- _WHAT THE TASK REQUIRES_: In the entries that follow, find the line containing "企业 公司组织个体工商户介绍简介" and the line containing "Николай Захарюгин, бывший", then retype exactly the lines from the first through the second, pictures excluded.

- _GIVEN DATA_:
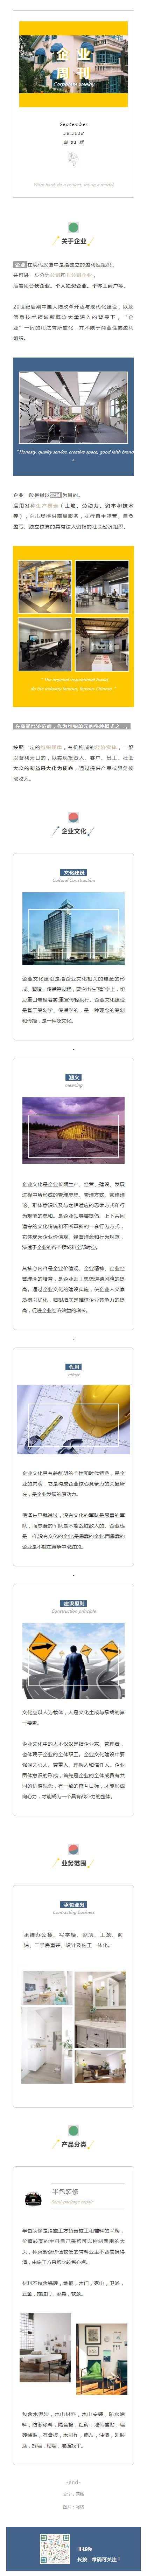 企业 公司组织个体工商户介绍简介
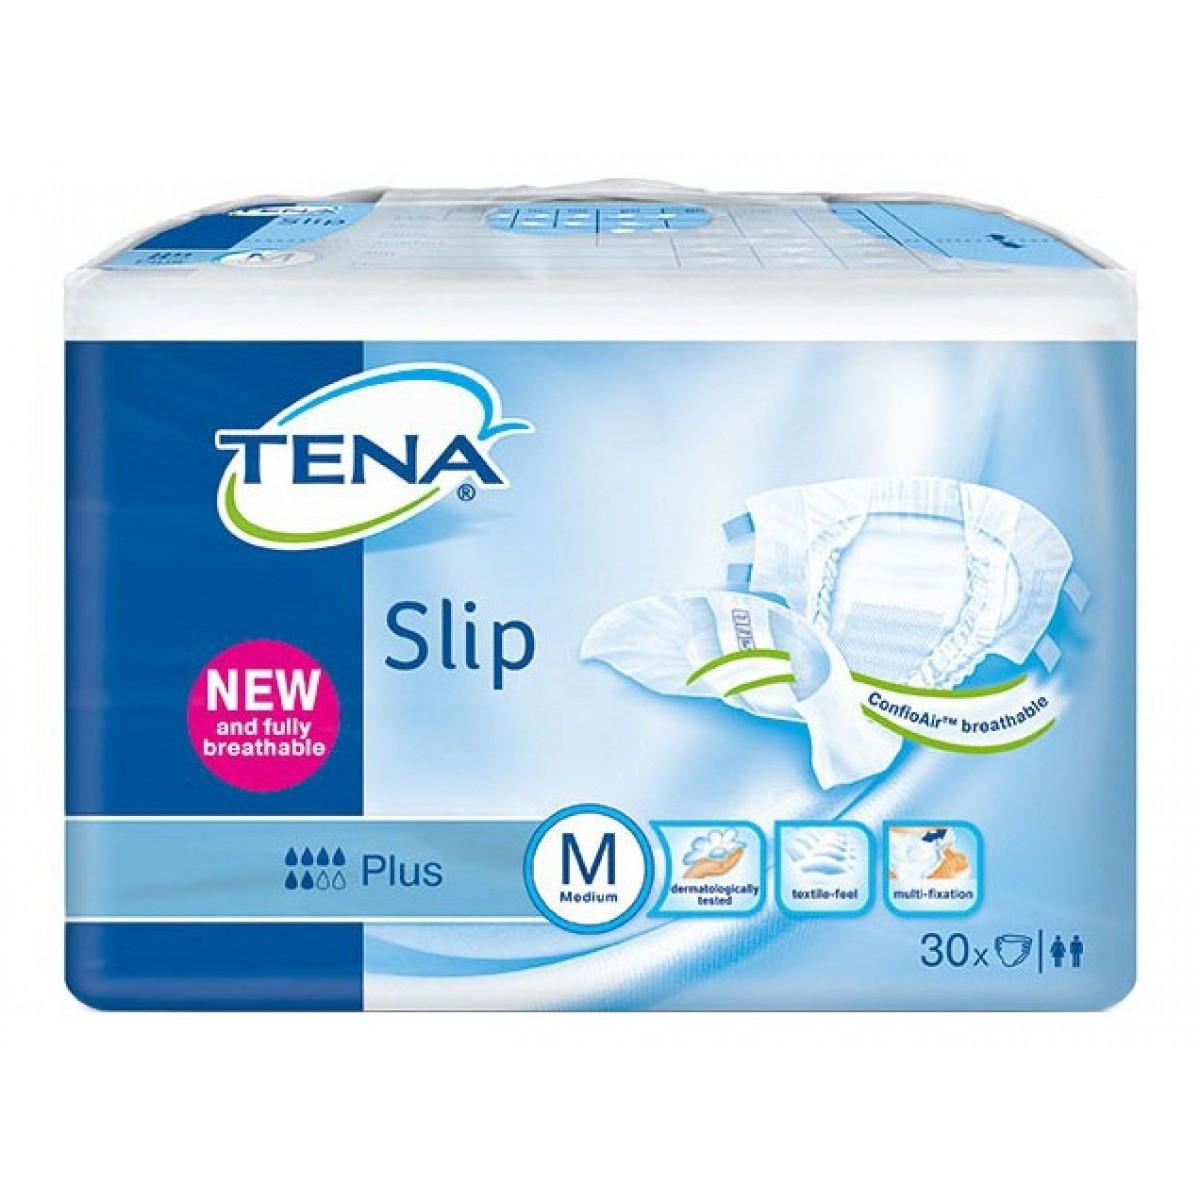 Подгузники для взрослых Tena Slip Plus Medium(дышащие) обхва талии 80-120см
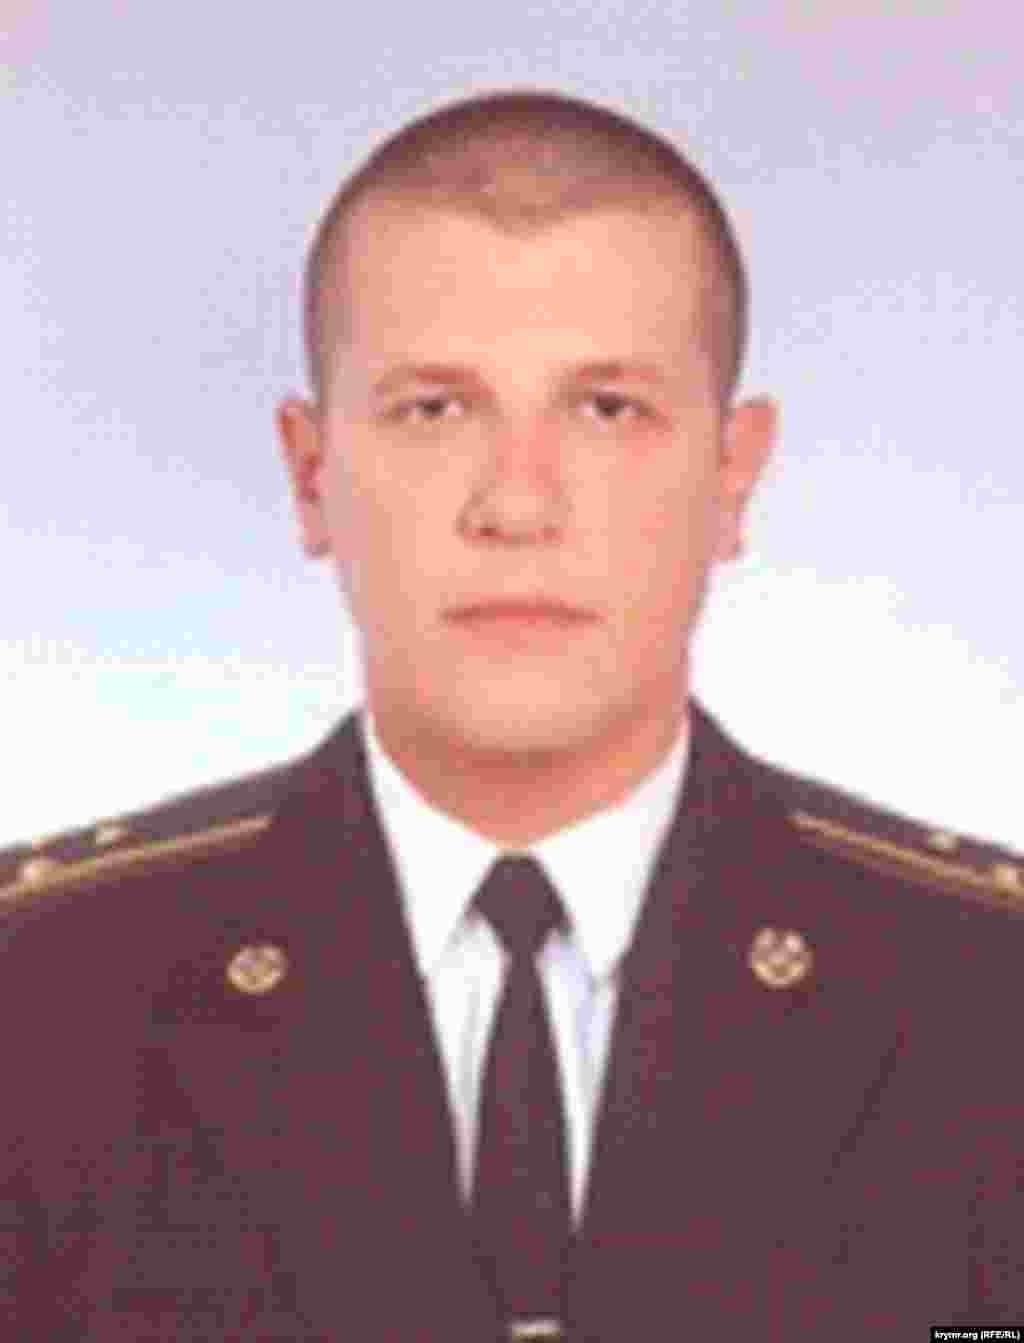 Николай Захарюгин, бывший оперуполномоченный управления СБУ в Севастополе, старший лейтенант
--
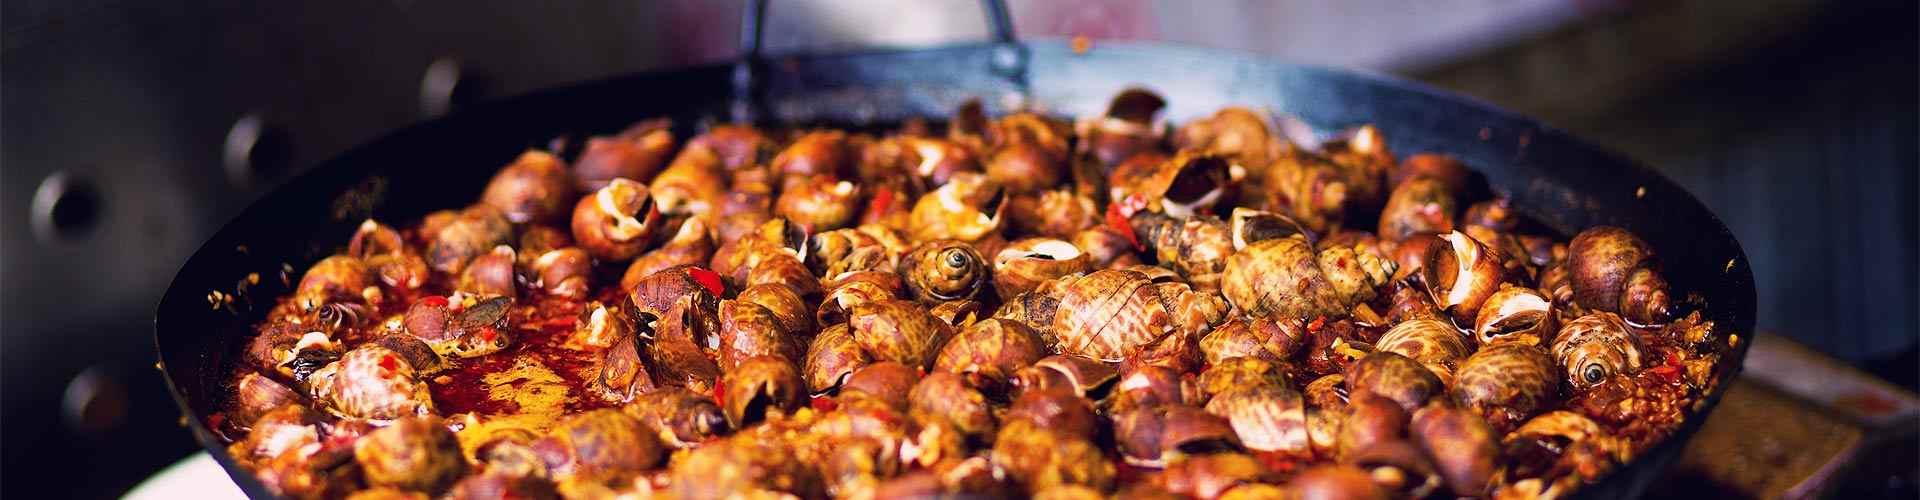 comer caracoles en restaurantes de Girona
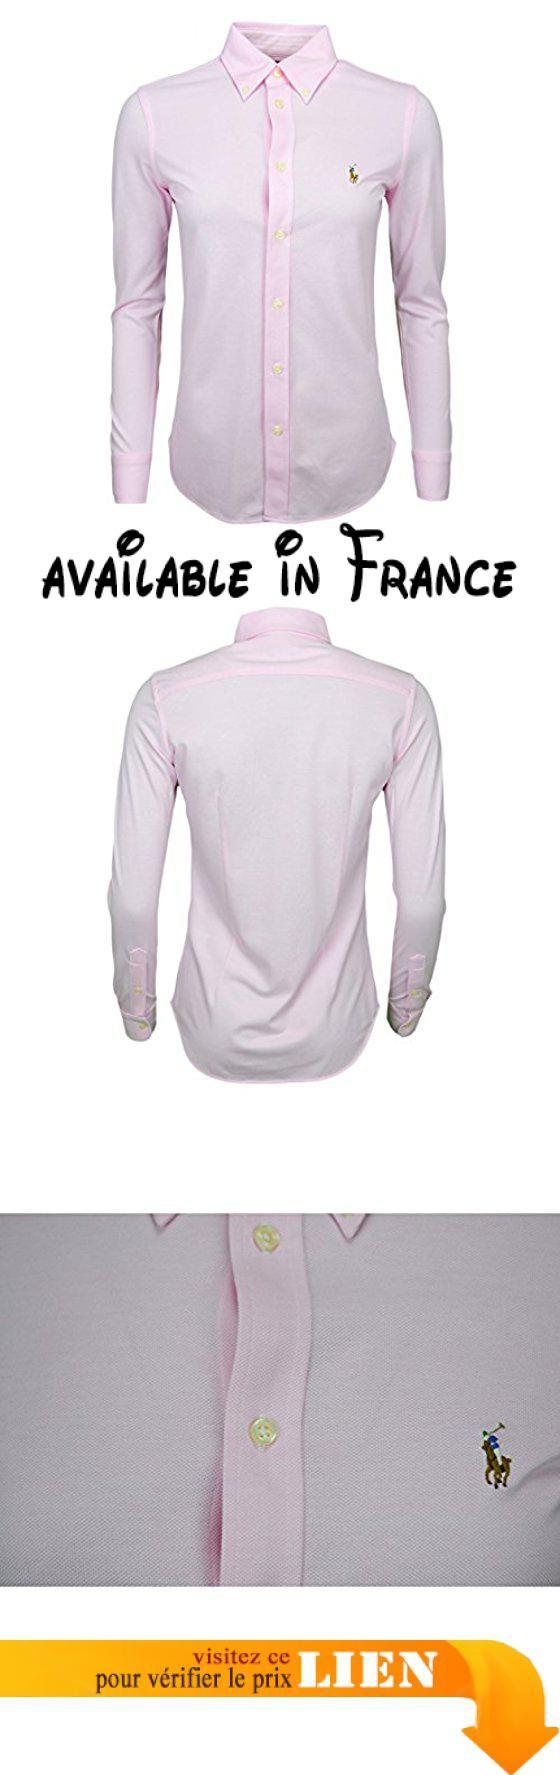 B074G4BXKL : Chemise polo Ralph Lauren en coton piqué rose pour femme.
==
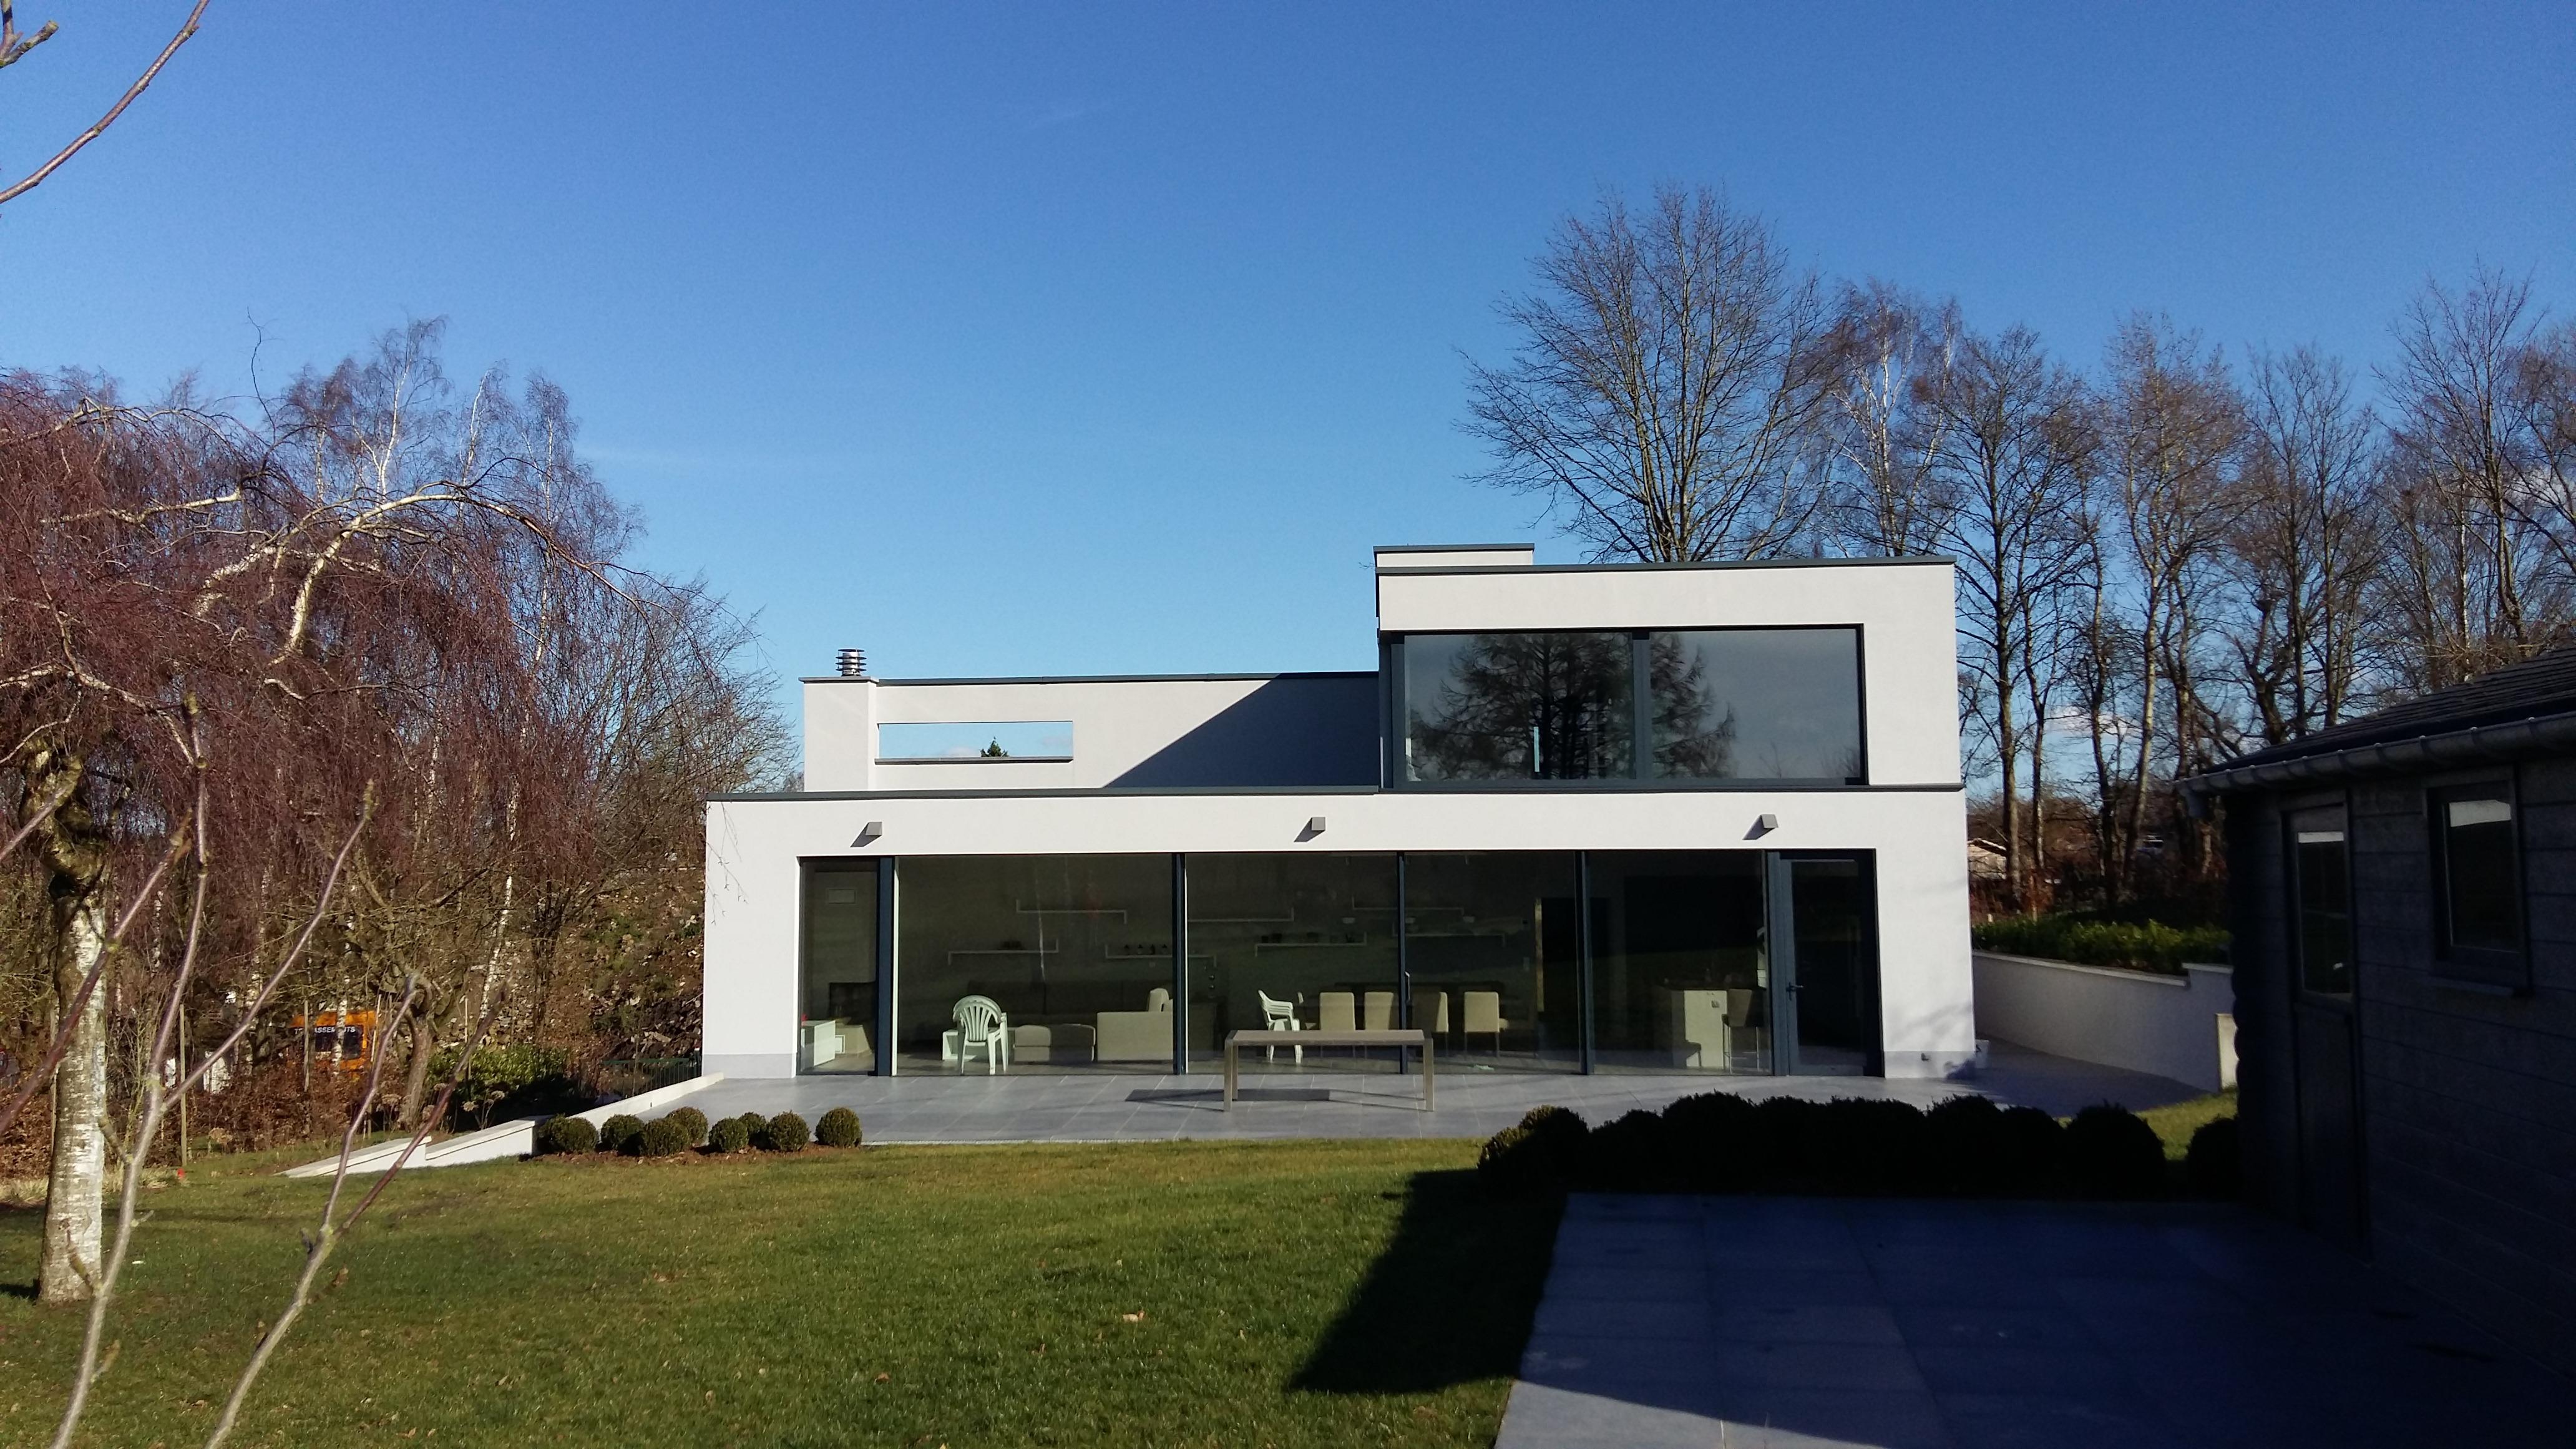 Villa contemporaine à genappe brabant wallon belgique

- _COMPLETED TASK_:
 企业 公司组织个体工商户介绍简介
 Подгузники для взрослых Tena Slip Plus Medium(дышащие) обхва талии 80-120см
 Николай Захарюгин, бывший оперуполномоченный управления СБУ в Севастополе, старший лейтенант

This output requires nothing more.